When I first found the formula on the web, I tried to understand why it should be correct. So I thought "How do I compute the length of a spoke?" and saw that a spoke is the diagonal of the described imaginary box. My explanation of the box is supposed to be understandable by everyone who knows basic trigonometry. Apparently it has to be improved. A picture would be nice here (fixed).

The Pythagorean theorem is implicitly used twice to compute the length of the boxes diagonal (d²=(a²+b²)+c²). This is true for all boxes, so I linked to rectangular box and saw no need to explicitly state that information on the spoke page. However, I just checked the box page and indeed, it does not show how to compute the length of the diagonal (fixed).

I do not see where the law of cosines should be applied here, can you explain? Which would be the sides of the triangle, where would the angle be? --RainerBlome 10:15, 3 January 2006 (UTC)[reply]

${\displaystyle c^{2}=a^{2}+b^{2}-2ab\cos C.\;}$

looks like the law of cosines to me. The Pythagorean theorem is explicitly used once, in the first part of the spoke length calculation formula. The c in c² comes from the second part of the spoke length calculation formula - and that is the law of cosines, I would say. Do you agree?

Hm, "first part", "second part", what are you referring to? I do not understand your explanation. Anyway, I had a third look. Now I see how to apply the law of cosines to get the spoke length formula and added a corresponding paragraph to the article. Using the law of cosines yields (of course) the same result as doing ${\displaystyle (r_{2}-r_{1}\cos \alpha )^{2}+(r_{1}\sin \alpha )^{2}=r_{2}^{2}-2r_{2}r_{1}\cos \alpha +r_{1}^{2}(\cos ^{2}\alpha +\sin ^{2}\alpha =1).}$ You might say that this proves instead of uses the law of cosines. Going this way has the advantage (for me) that it's more elementary, no need to remember the law of cosines.

No original work is permitted in wikipedia, so if you figure something out, you need to find where someone else did it (citation) before placing it in article space.
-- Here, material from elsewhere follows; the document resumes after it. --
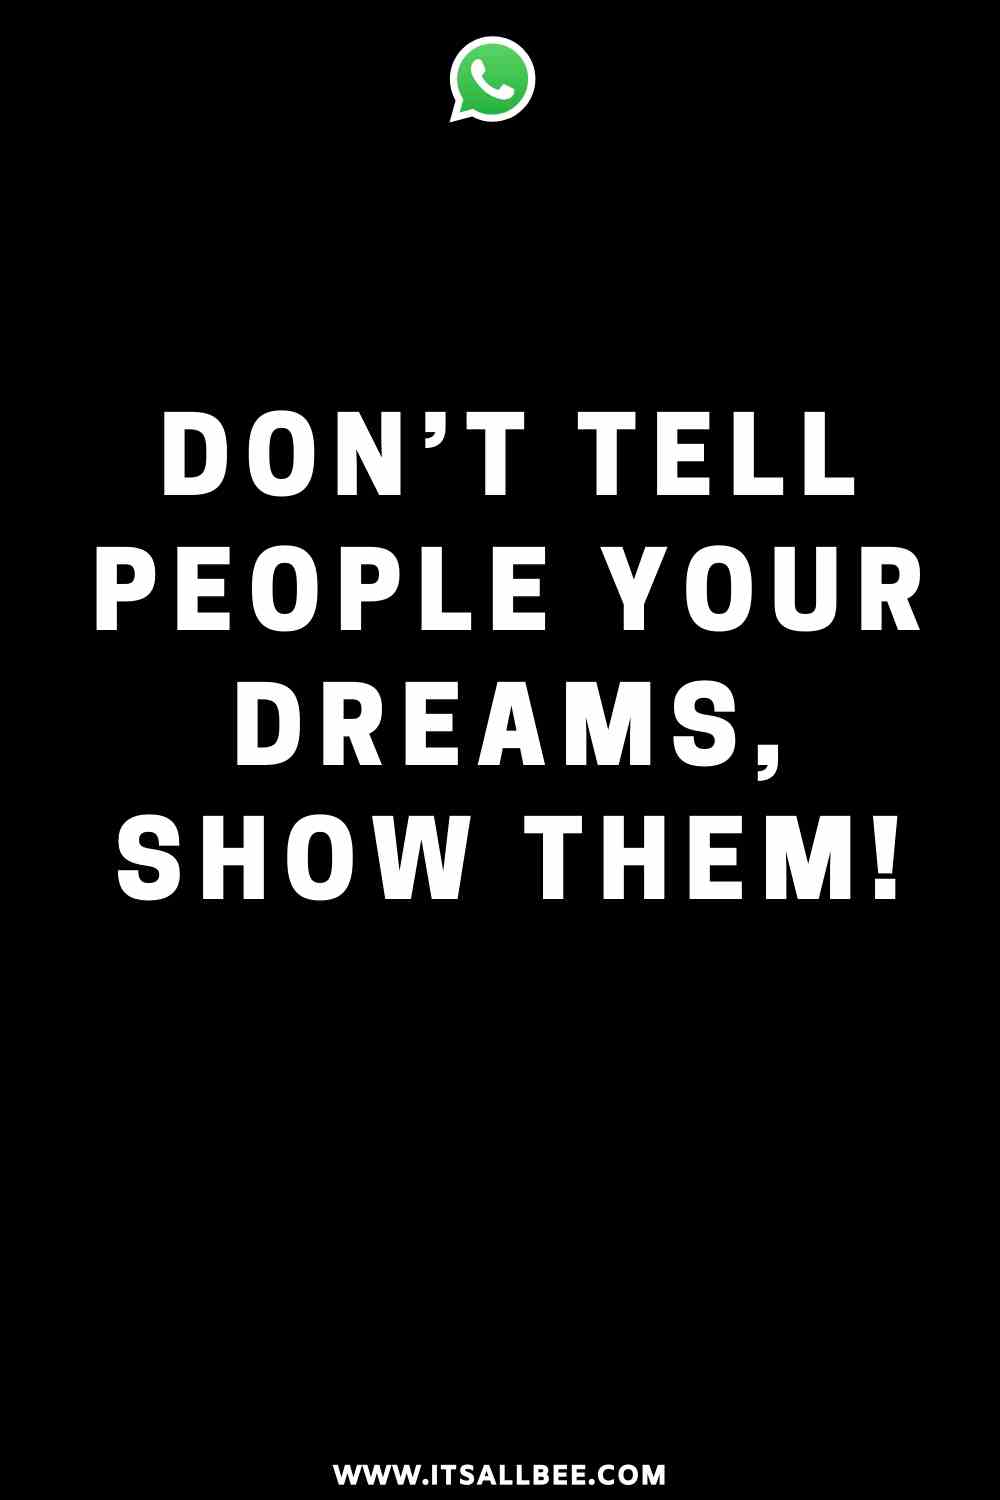 Whatsapp status - dont tell people your dreams, show them
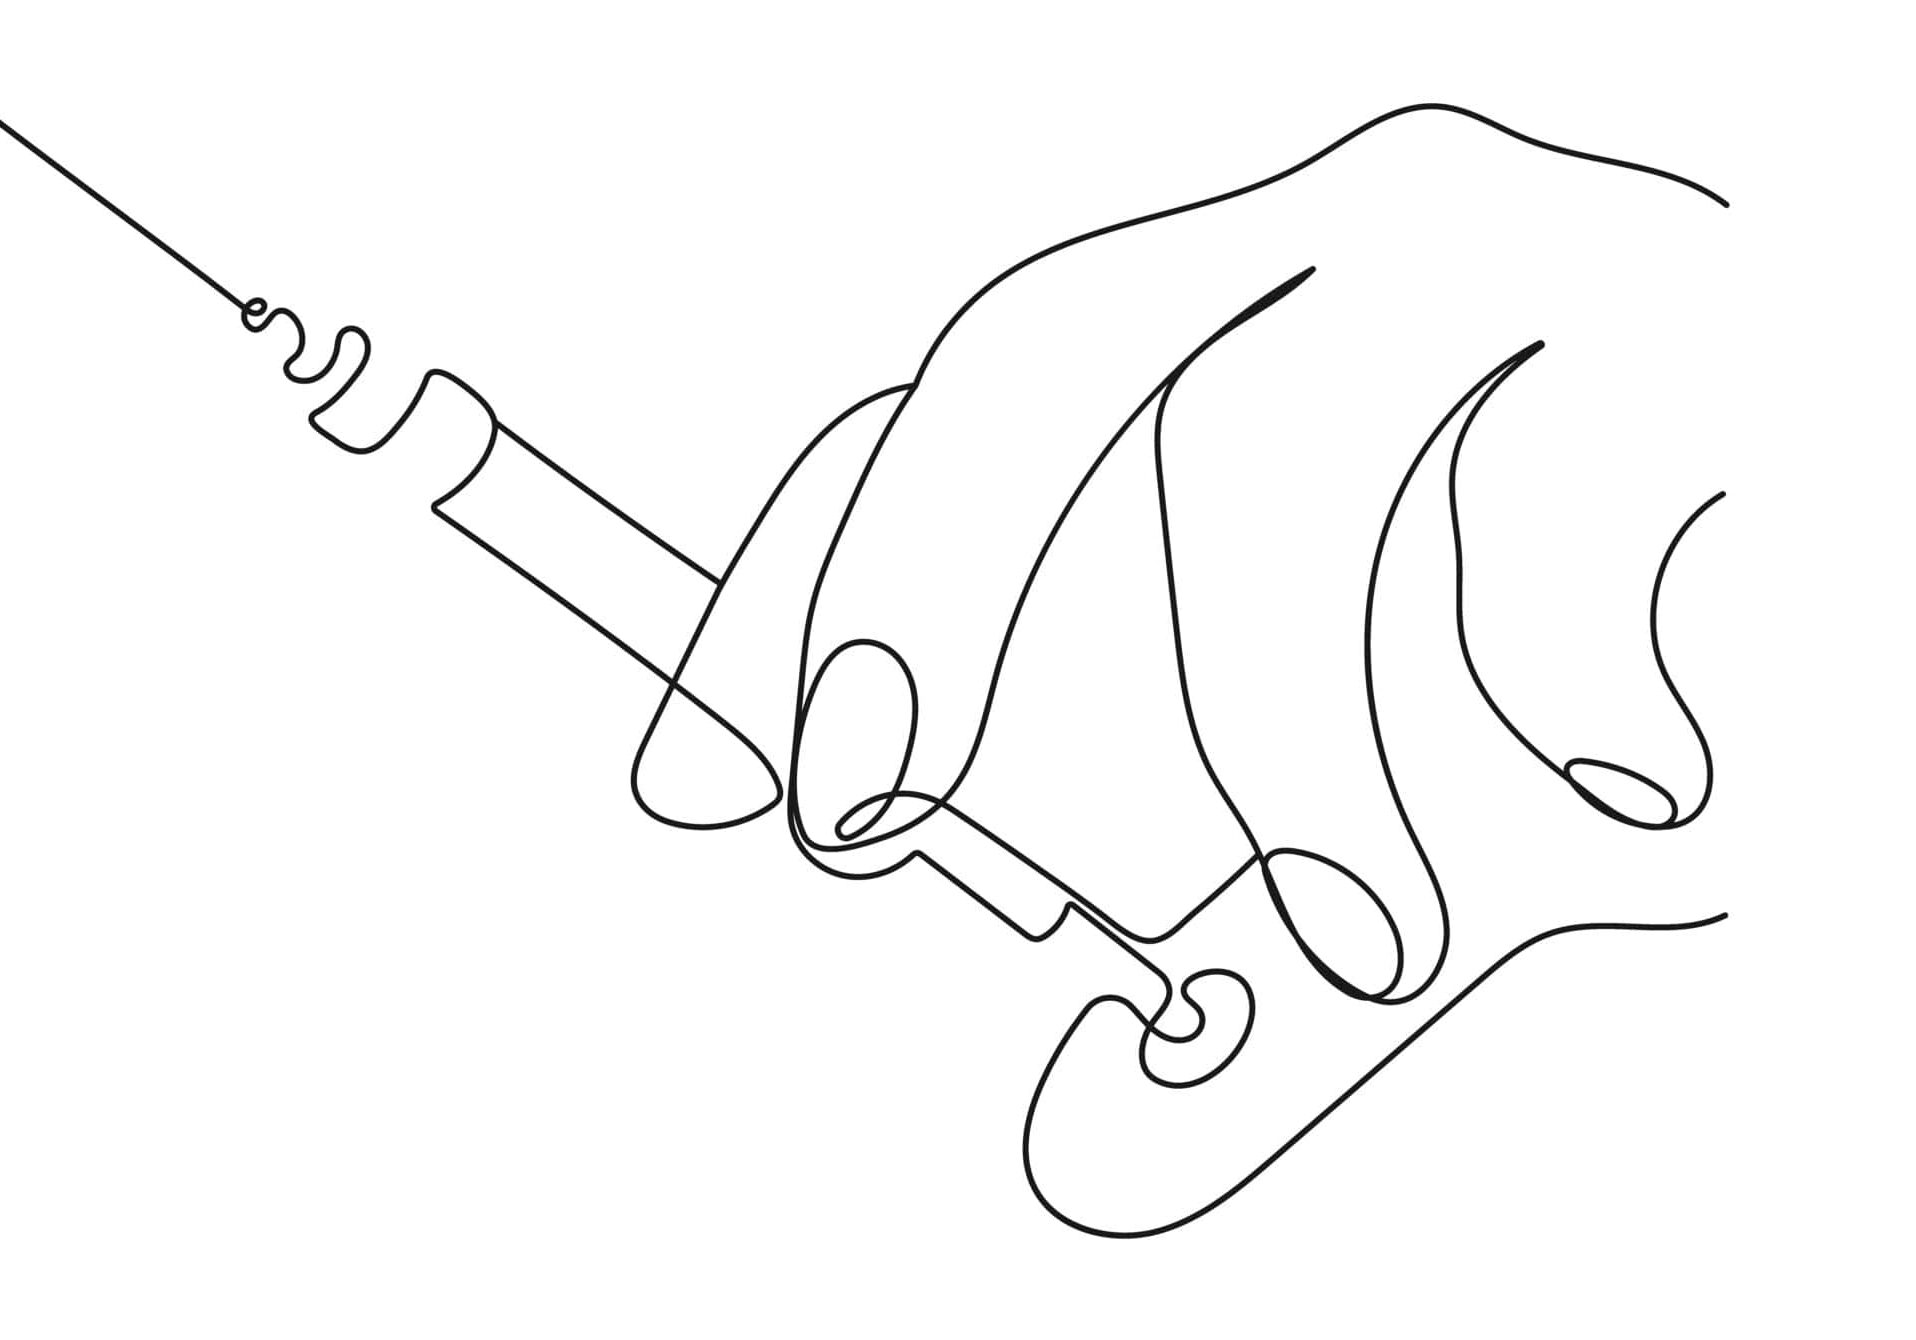 Hand holding syringe with needle. One line art. Vaccination, health care injection. Medical concept. Hand drawn vector illustration.

The link to my source is there. The derivation section makes it easier to verify the formula.

You found the sides and angle with your look number three. A 3D diagram would be clearer. If I make one, I'll show it to you before I post it. I may add a technique to get accurate dimensions for cases where ERD and hub measurements don't exist or are suspect - akin to the calc walk through - and post it to Talk if I get around to it. Metarhyme 20:55, 3 January 2006 (UTC)[reply]

Seriously, I'm making this edit to say hello because this is the loneliest talk page for an active contributor I've ever seen. Keep up your good work. Keegan^talk 05:27, 15 July 2007 (UTC)[reply]

Thanks. You too! --RainerBlome 11:40, 15 July 2007 (UTC)[reply]

Jmath666, Let's continue the discussion on the article's Talk page, where it is easier to associate and salvage discussion results to the article. --RainerBlome 09:03, 17 September 2007 (UTC)[reply]

 You are invited to join the discussion at Talk:Elaine Herzberg#Requested move 6 April 2018. — IVORK _Discuss 00:27, 10 April 2018 (UTC)[reply]

Hi RainerBlome! We're so happy you wanted to play to learn, as a friendly and fun way to get into our community and mission. I think these links might be helpful to you as you get started.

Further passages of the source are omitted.